TL;DR: Packaging is about making your skill usable by someone who has never seen it before. That means: a README that explains what it does and how to install it in under 60 seconds, a LICENSE that grants legal permission to use it, test coverage that proves it works, and a folder structure that Claude can navigate correctly.
What Does a Distribution-Ready Skill Look Like?
A distribution-ready Claude Code skill has four required elements: a README with installation steps, a LICENSE granting legal permission, a CHANGELOG tracking version history, and an evals.json inside the skill folder. README, LICENSE, and CHANGELOG live at the repository root so Claude never loads them as context; evals.json lives inside the skill folder so Claude knows the skill was tested.
skill-repo/
├── README.md (required: installation and usage)
├── LICENSE (required: legal permission to use)
├── CHANGELOG.md (recommended: version history)

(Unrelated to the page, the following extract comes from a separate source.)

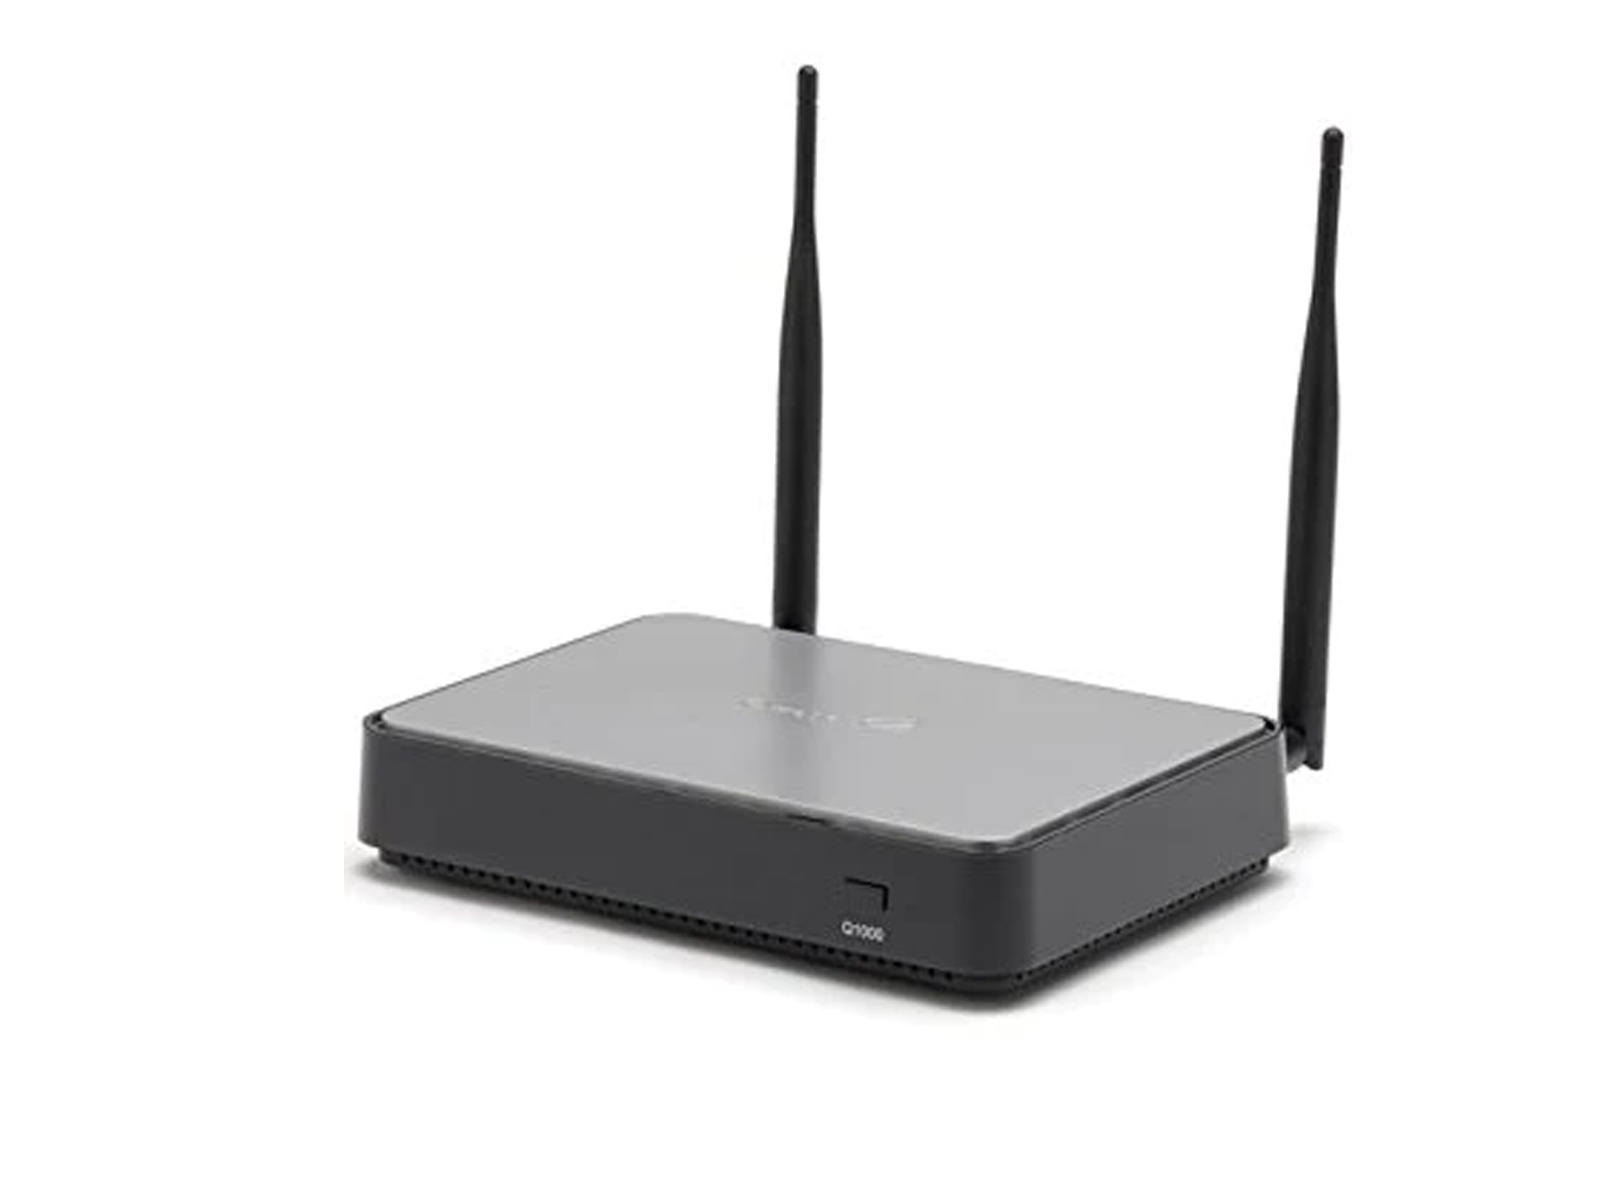 ActionTec Q1000 4 Port Gigabit Wireless-N Router Modem CenturyLink

└── your-skill-name/ (the skill folder Claude reads)
├── SKILL.md
├── evals.json
├── references/
│ └── domain-knowledge.md
└── assets/
└── output-template.md
The 3 files at the repository root (README, LICENSE, CHANGELOG) serve human readers. The skill folder serves Claude. Keep them separate. README, LICENSE, and CHANGELOG placed inside the skill folder get loaded into Claude's context every time the skill runs, wasting tokens on content the model doesn't need.
This separation is the first thing we check when auditing community skills for client projects. A skill with a README inside the skill folder is a fair-weather skill: it works, but it's wasting 300-500 tokens per run on human-readable documentation the model doesn't use. According to Claude Code's skill architecture research, each skill's metadata (name and description) consumes approximately 109 tokens at startup; placing a full README inside the skill folder multiplies that token cost on every invocation (Anthropic, Claude Code Docs, 2024).
How Do I Write a README That Drives Actual Installs?
Write four sections in order: what the skill produces (2-3 sentences naming the actual output), when to invoke it (trigger condition stated explicitly), exact installation commands (copy-paste ready, not paraphrased), and configuration notes. That covers everything a stranger needs to go from discovery to first run. Nothing in a README matters if the installation block fails.
- What this skill does (2-3 sentences): Write the output, not the feature. "Produces a structured code review in 3 sections: critical issues, warnings, and style feedback." Not "helps you review code." The person reading this wants to know if the skill solves their specific problem. Give them the answer in 10 words.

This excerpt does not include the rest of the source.